The title to the property passed from defendant some time before the trial of the action under the foreclosures, and he was incapable of conveying to plaintiff title thereto, as the order for judgment requires. A compliance with the judgment is therefore impossible, save by a purchase from the holder of the title under the mortgages. These mortgages were all placed upon the land with the consent of the Baumgartners, and in their interests; and, having permitted the foreclosure to ripen into title by their failure to redeem, defendant cannot now be compelled to reacquire the title and convey it to them. If the mortgages had been wrongfully placed upon the property, for the personal benefit of defendant, and without the consent of the Baumgartners, or if defendant had conveyed it to a bona fide purchaser without their knowledge, the situation might perhaps be different. But the mortgages having been executed for the benefit of the Baumgartners, and to pay obligations owing from them, they were bound as a matter of law to protect the title by redemption from the foreclosure. That they could have redeemed is clear. 27 Cyc. 1032. Perhaps not as a matter of strict legal right, but by an action in equity brought for that purpose.

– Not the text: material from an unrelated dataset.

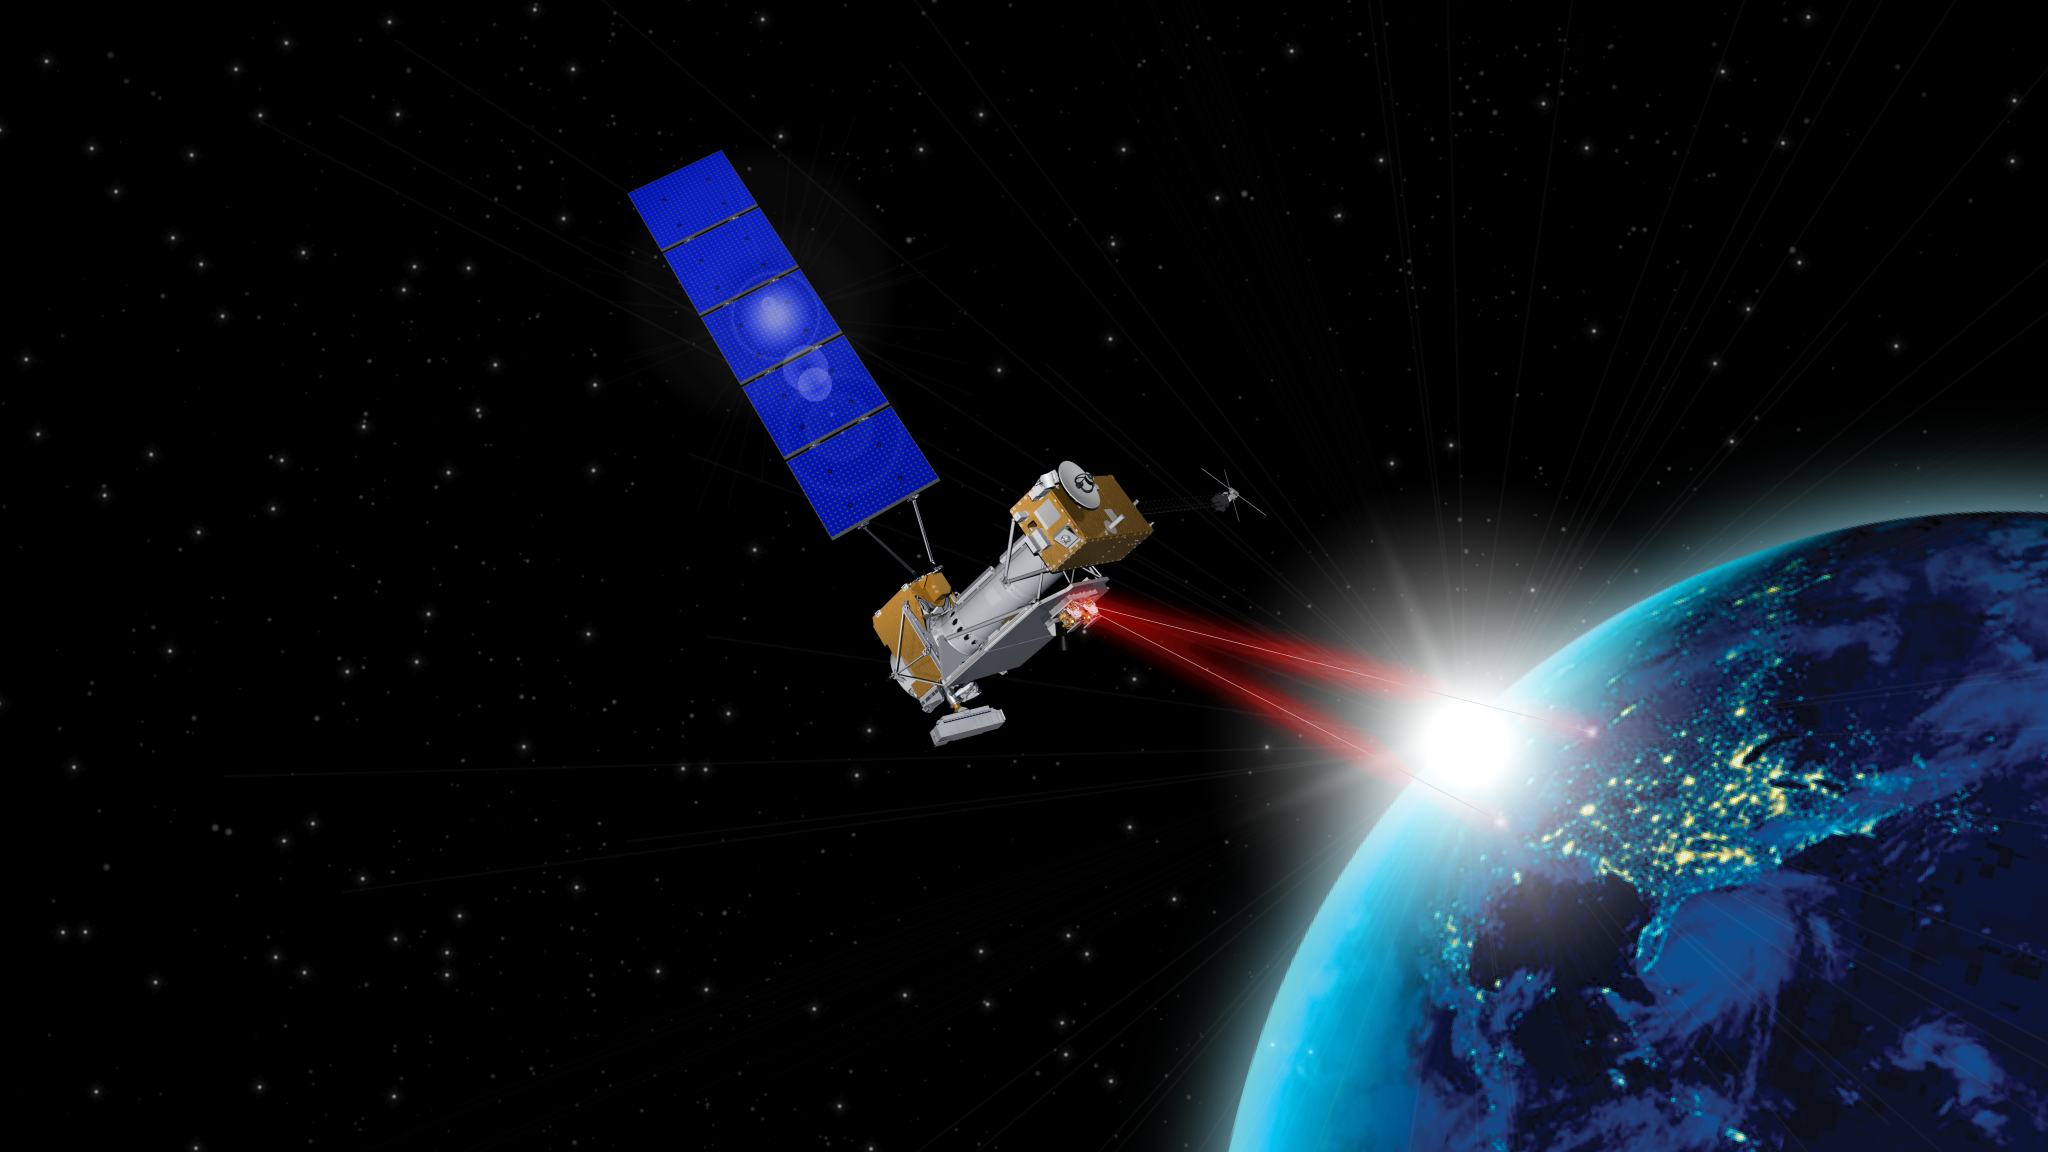 Artist rendering of NASA's Laser Communications Relay Demonstration beaming two red lasers  from a spacecraft with a 5 square panel towards Earth.

Defendant was under no obligation to make the redemptions. He occupied the position of mortgagee, and the terms of the contract creating that relation did not provide that he should protect the title to the property from the foreclosures. The title to the property not, therefore, having been lost by any unauthorized act of defendant, or by the failure to perform any legal duty in respect to the protection of the title from the foreclosures, defendant cannot be compelled to restore title to plaintiff. He no longer holds the title and performance is impossible. 36 Cyc. 747.

*17But it is argued that the retention of the title by defendant and his refusal to reconvey the property disabled plaintiff from effecting redemption; that, inasmuch as the title stood in defendant’s name, she was unable to borrow money thereon, and hence that the failure to redeem rests wholly upon the refusal to reconvey. If this be true, plaintiff’s remedy is not specific performance, but an action for damages for defendant’s breach of the contract. 27 Cyc. 1033.

At the time this action was commenced, plaintiff must have known that defendant could not then convey to her title to the eighty acres theretofore conveyed by him to Opfer; for the deed was of record, •and the general rule in such a case is that the court will deny the specific relief and leave the party to his remedy at law. 36 Cyc. 747. However, that conveyance was not the act which disabled ■defendant from performance at the time of the trial. No title passed by that conveyance, as against plaintiff and her husband, who were in the possession of the land when if was executed, thus giving notice to the world of their rights. Defendant became disabled from performance after the action was commenced, and by the failure of redemption from the foreclosures. It is proper, in a situation of that kind, to retain the case and award damages for the breach of the contract. Fleming v. Ellison, 124 Wis. 36, 102 N. W. 398. But the trial below did not proceed upon that theory, and there can be no affirmance upon the ground that the amount defendant is required to pay in the event of his failure to reconvey the property represents the damages suffered by plaintiff, for she can only recover upon a showing that defendant’s failure to perform disabled or prevented her from making redemption. There are no findings upon this feature of the case, and there must be a new trial.

The other questions raised by defendant and discussed in the "briefs do not require special mention. We discover no other errors in the record. The contract was made in the interests of plaintiff, who was a party to it, and in consideration thereof parted with her interest in the land. She may therefore maintain the action.

Order reversed, and new trial granted. Inasmuch as that part of the decision of the court below awarding judgment in plaintiff’s *18favor for the surplus in defendant’s hands, referred to in the opinion, was without error, the new trial will be limited to the other issues in the case.